Operatic roles include Peisander (cover) in Monteverdi The Return of Ulysses (Royal Opera House), “JL” in John Ramster’s staging of Handel’s Messiah (Merry Opera), Arsamene in Cavalli Xerse at the Grimeborn Festival (Ensemble OrQuesta), and Sorceress/Spirit in Purcell Dido and Aeneas (Armonico). A keen exponent of contemporary opera, he originated all the male roles in Clare Elton and Lila Palmer These Wondering Stones (Barbican Centre/Museum of London), Daryl/the Devil in Muelas+Ward A&E (Tête-à–Tête Festival), and workshopped the role of Yoël in Na’ama Zisser’s Mamzer/Bastard (Royal Opera House).
Nathan Mercieca He has appeared as a soloist at venues including the Wigmore Hall, LSO St. Luke’s, West Road Concert Hall, St John’s Smith Square, Cadogan Hall, the London Handel Festival, and the Aldeburgh Festival, working with groups such as Solomon's Knot, the Irish Baroque Orchestra (Director: Peter Whelan), and Wond’rous Machine (Joel Sandelson).

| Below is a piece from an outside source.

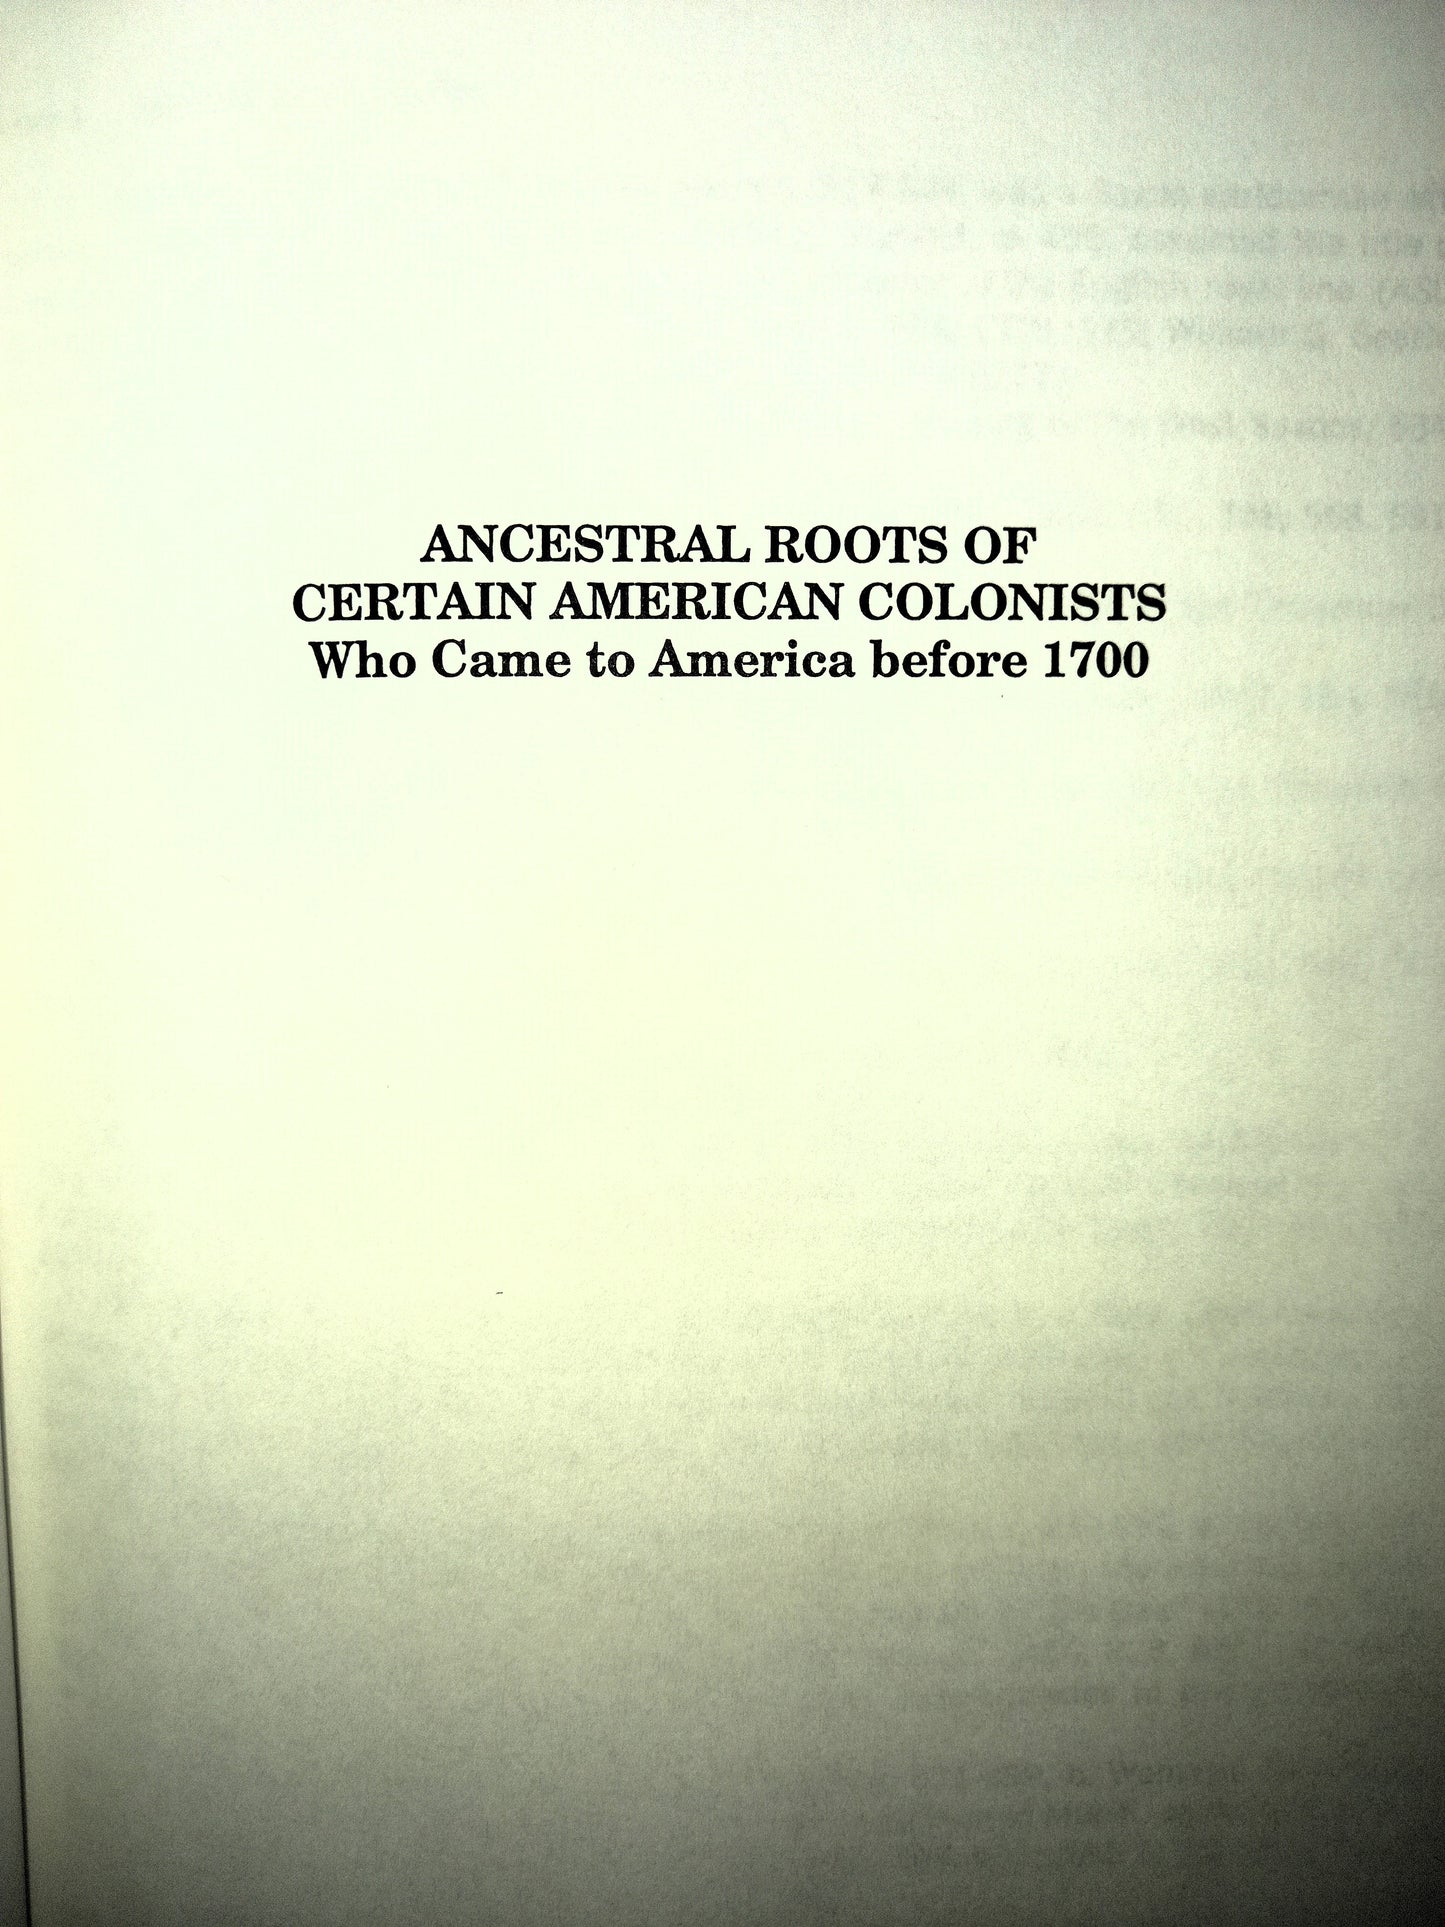 Ancestral Roots of Certain American Colonists Who Came to America before 1700 (Eighth Edition)

Much in demand as an ensemble singer, Nathan Mercieca has performed across Europe with - among others - Solomon's Knot (Director: Jonathan Sells), Le Concert d'Astrée (Director: Emmanuelle Haïm), Siglo de Oro, Sestina, the Southbank Sinfonia, and the Armonico Consort (Director: Christopher Monks). In addition, he is a member of Sacred Bones, a consort of vocal soloists and sackbuts, with whom he won the inaugural Brian Nesbit Early Music Competition at their debut performance in March 2018; he has appeared with them at the London International Festival of Early Music and the Barbican Centre’s ‘Sound Unbound’ festival. As a member of His Majesty’s Chapel Royal he is honoured to have sung at several State events of international importance, including most recently the funeral of Her Majesty Queen Elizabeth II.
Engagements in the 2022-2023 season include a return with Solomon's Knot to the London International Festival of Early Music, as well as the Concertgebouw Bruges, and in a new solo-voices recording of the Motets by J.S. Bach & Johann Christoph Bach. He will also perform with the chorus of Le Concert d'Astrée under Emmanuelle Haïm in Barrie Kosky’s production of George Frideric Handel's Semele at the Opéra de Lille.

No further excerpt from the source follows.